In the description of the present invention, it should also be noted that, unless otherwise explicitly specified or limited, the terms "disposed," "mounted," "connected," and "connected" are to be construed broadly and may, for example, be fixedly connected, detachably connected, or integrally connected; they may be mechanically coupled, directly coupled, indirectly coupled through intervening media, or may be interconnected between two elements. The specific meanings of the above terms in the present invention can be understood in specific cases to those skilled in the art.

Example 1

Referring to fig. 1, a TEE (echocardiogram) examination device 10 according to an embodiment of the present invention includes a housing 11, a control module 12, a wireless communication module 13, a battery 14, and a power control board 15.

The housing 11 includes a casing 111, a front cover 112 and a rear cover 113, the front cover 112 is disposed at the front end of the casing 111, the rear cover 113 is disposed at the rear end of the casing 111, and the front cover 112 and the rear cover 113 are both connected to the casing 111 in a snap-fit manner, so that the front cover 112 or the rear cover 113 can be conveniently detached.

The control module 12 is disposed within the housing 111, the control module 12 being primarily for processing information.

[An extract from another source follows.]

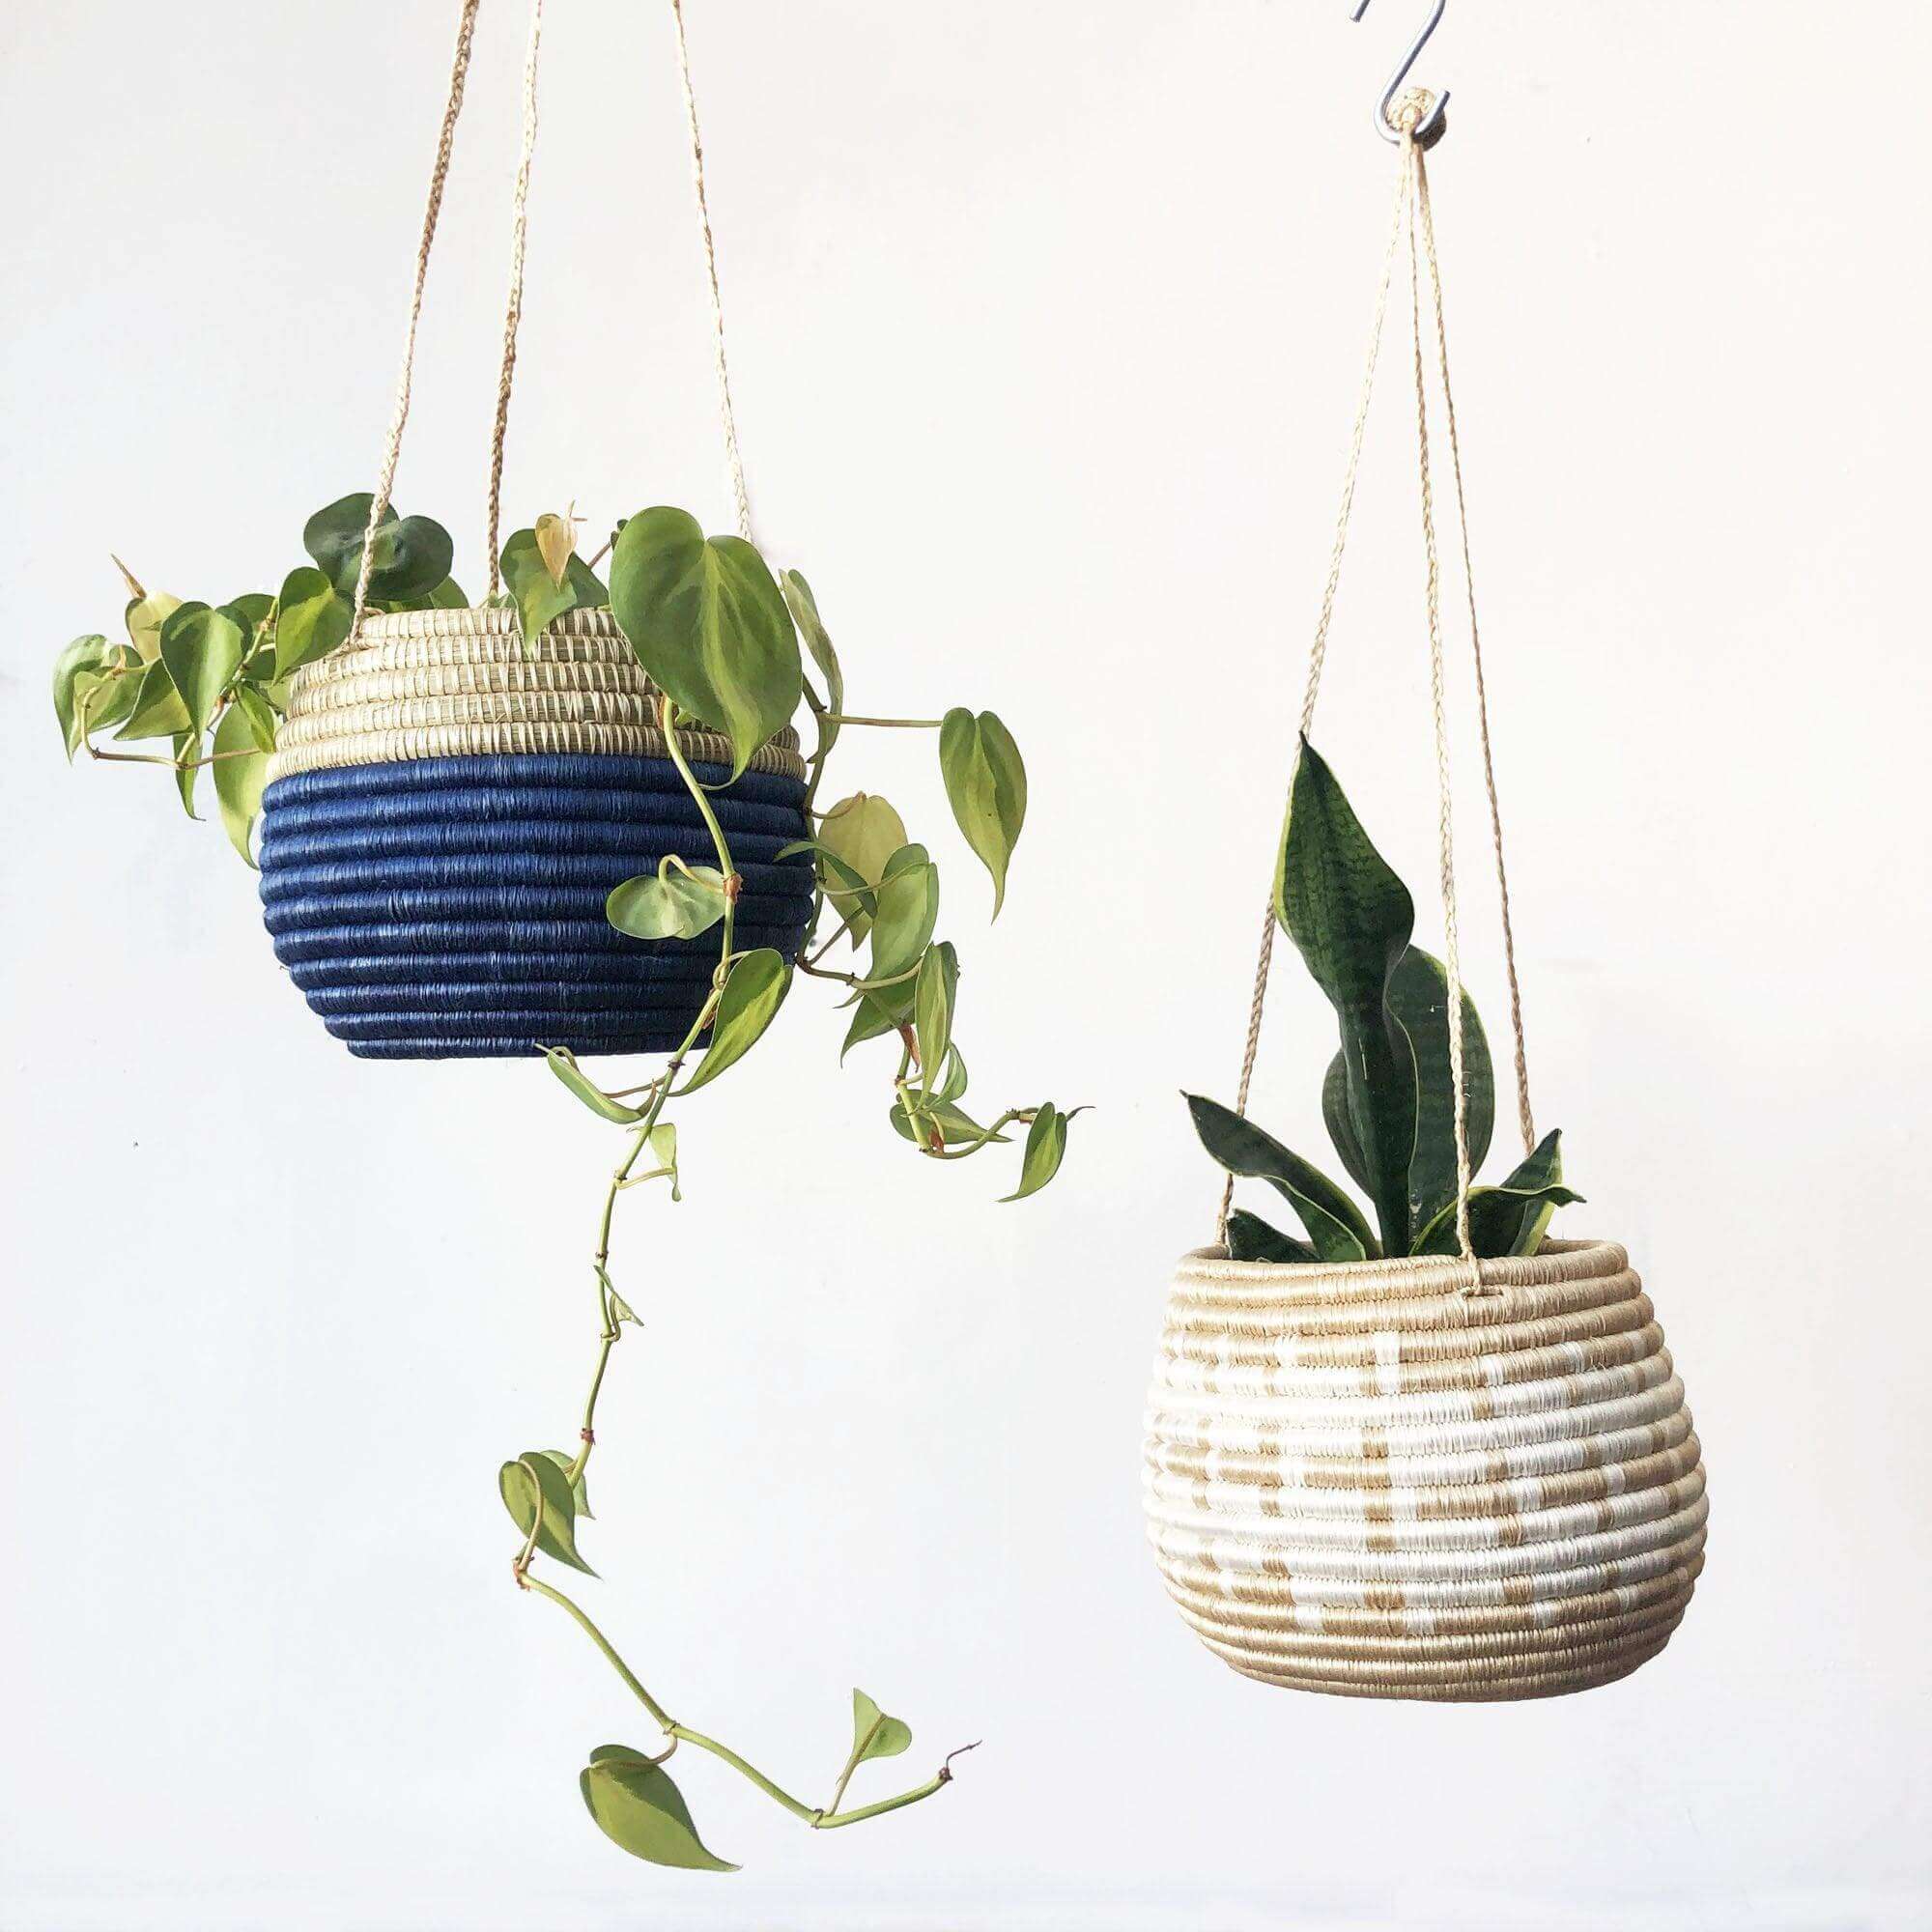 Woven hanging planters

The processor model of the control module 12 may be STC89C52, RK3288, AT89C52, STC12C5608AD, and in this embodiment, the processor model of the control module 12 is AT89C 52. The AT89C52 is an 8-bit general purpose microprocessor, using an industry standard C51 core, identical in internal functions and pin layout to the general 8xc52, which is mainly used for function control in convergence adjustment. The functions include initialization of functional components such as a convergence main IC internal register, a data RAM, an external interface and the like, convergence adjustment control, convergence test pattern control, receiving and decoding of an infrared remote control signal IR, communication with a mainboard CPU and the like. The main pins are as follows: XTAL1 (pin 19) and XTAL2 (pin 18) are input and output ports of the oscillator and are externally connected with a 12MHz crystal oscillator. RST/Vpd (pin 9) is a reset input port and is externally connected with a reset circuit consisting of a resistor and a capacitor. VCC (pin 40) and VSS (pin 20) are power supply ports and are respectively connected with the positive end and the negative end of a +5V power supply. P0-P3 are programmable general I/O pins, and the functional purpose of the pins is defined by software.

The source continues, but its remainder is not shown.